Vega Thurber and Ryan McMinds, a Ph.D. student in her lab and co-first author of the paper, were part of an international collaboration that also included Penn State University's Monica Medina and former Oregon State post-doctoral scholar Jesse Zaneveld, now an assistant professor at the University of Washington-Bothell.

The massive, computationally challenging research project involved taking 600 coral samples from 21 reefs off the coasts of Australia, spanning 17 degrees of latitude.

"On a lot of different scales, the more similar the coral hosts, the more similar the microbial communities are - both the whole community and particular microbes," McMinds said. "We collected samples from as many kinds of corals as was possible.
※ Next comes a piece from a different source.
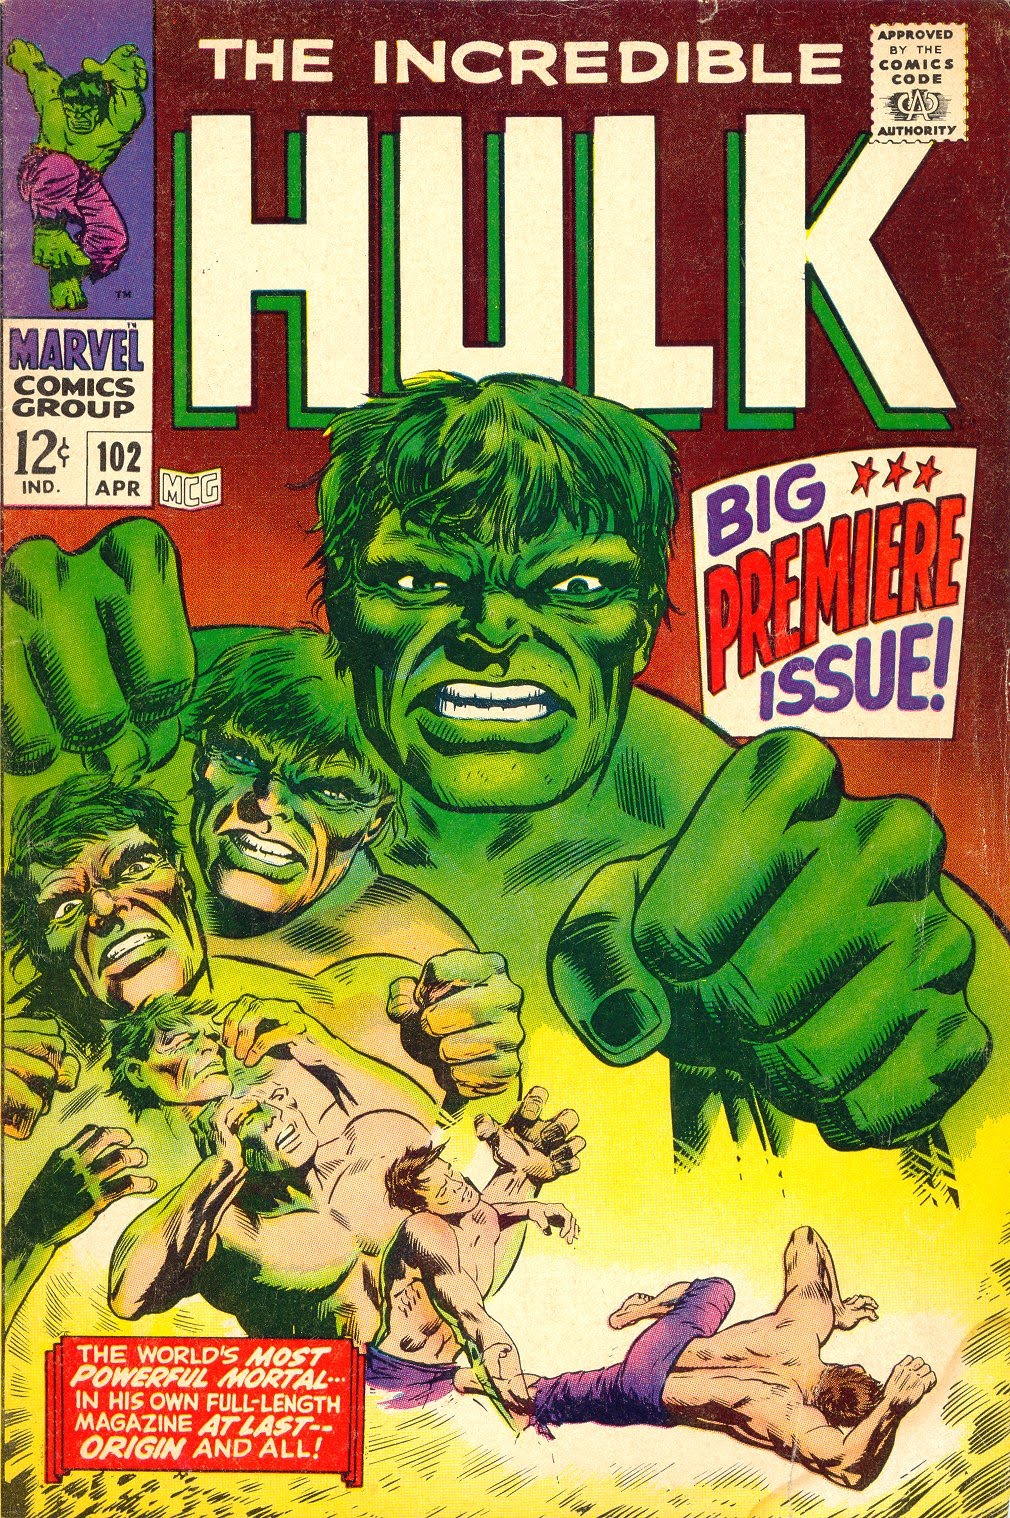 The incredible hulk online
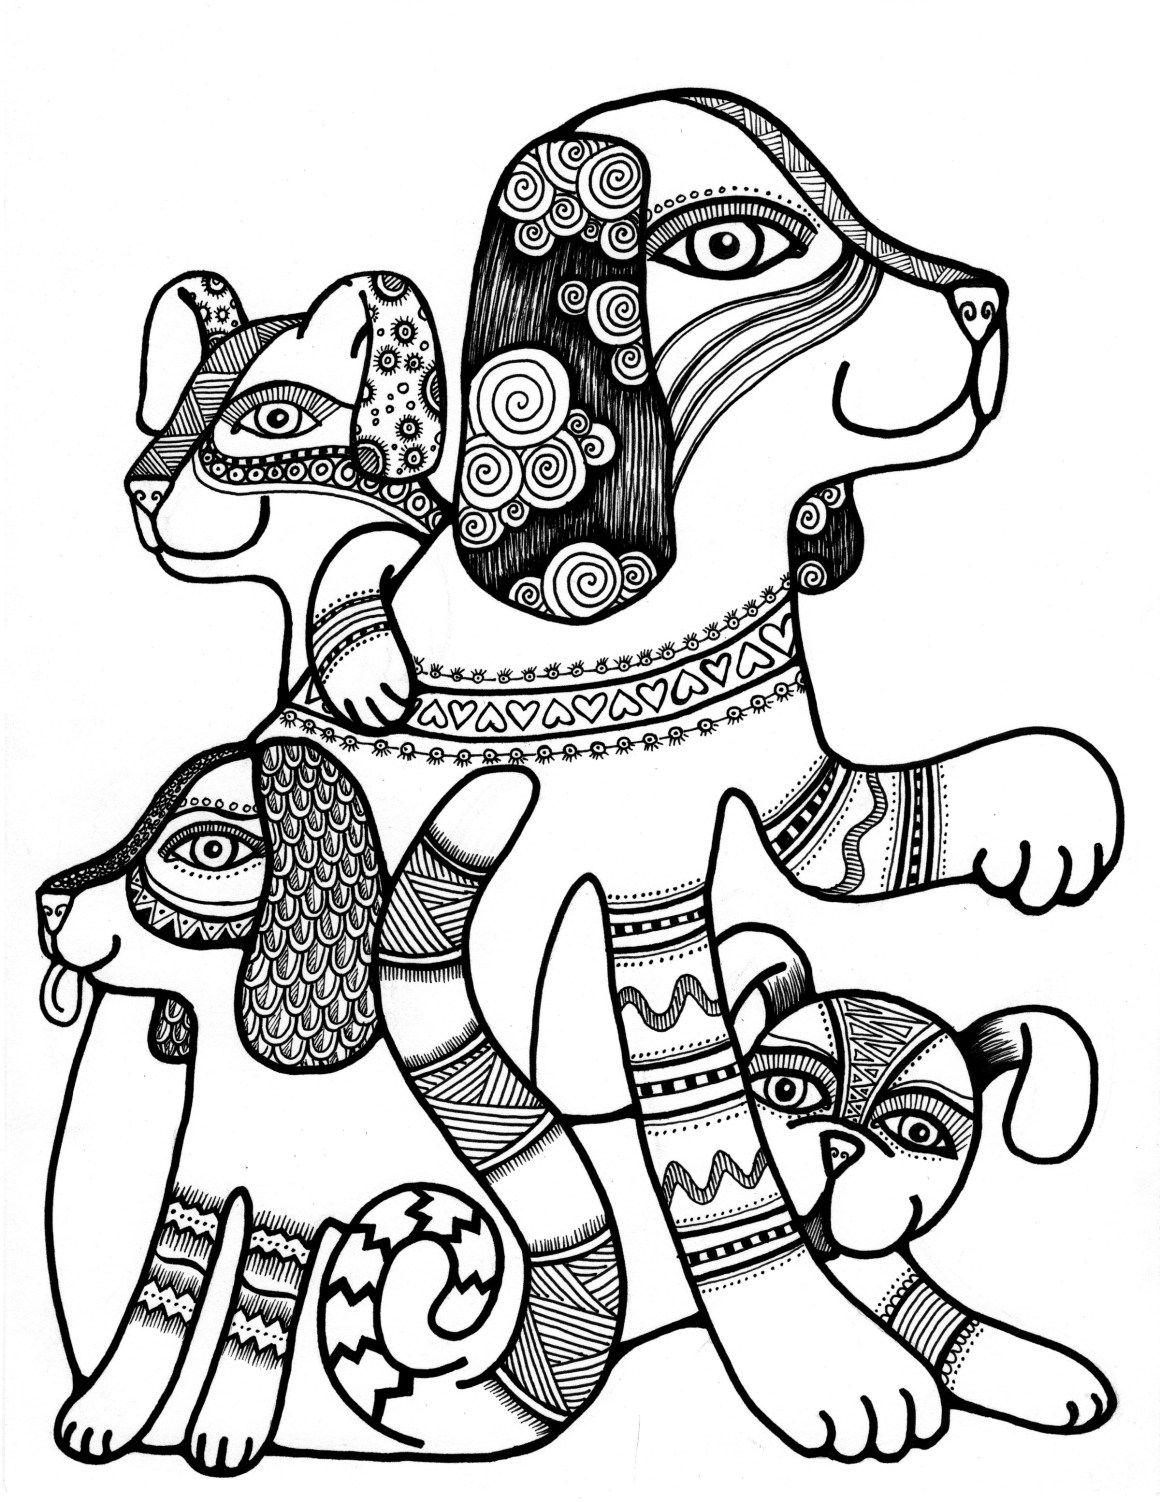 Pin By Love Beautiful On Dogs Mandala Coloring Pages Dog Coloring Page Coloring Pages [ 1502 x 1160 Pixel ]

For every sample set, we looked at the corals' tissue, skeleton and mucus to see what microbes were there."

To do that, the researchers sequenced the 16S rRNA gene. The gene is present in every living organism, McMinds explains, but is slightly different. He likened it to a "molecular bar code" of each organism it belongs to.

From there, the scientists could look for patterns between different corals' microbial communities and determine whether co-evolution of the corals and their microbiomes had taken place.

"We found strong support for coral-microbe 'phylosymbiosis,' in which coral microbiome composition and richness is reflected in coral host's evolutionary history," Vega Thurber said. "When speciation for modern reef-building coral families began between roughly 25 million and 65 years ago, that was accompanied by large changes in microbiome richness. And changes continued to accumulate during more recent speciation events."

Coral diversity is too great for assessing the various factors that maintain the microbiome of every single coral species, but these findings provide general rules for microbiome assembly "that inform estimates of the effects of microorganisms in understudied portions of the coral tree."

"Now we have a framework for analyzing scleractinian coral microbes that can reveal how the corals' evolutionary history, host traits and local environment interact to shape microbiomes," Vega Thurber said. "In the coral world, there's been a longstanding hypothesis that microbes and coral co-evolved, but there hadn't been a sufficient data set to test that before now."

It was something of a surprise to researchers to find that the microbial communities of the corals' calcium carbonate skeletons showed greater microbiome richness compared to the tissue and mucus microbiomes. Also, the skeletal microbiomes displayed the strongest signal of long-term phylosymbiosis - a pattern in which the diversification of a related group of host organisms correlates with changes in dissimilarities among their microbiomes.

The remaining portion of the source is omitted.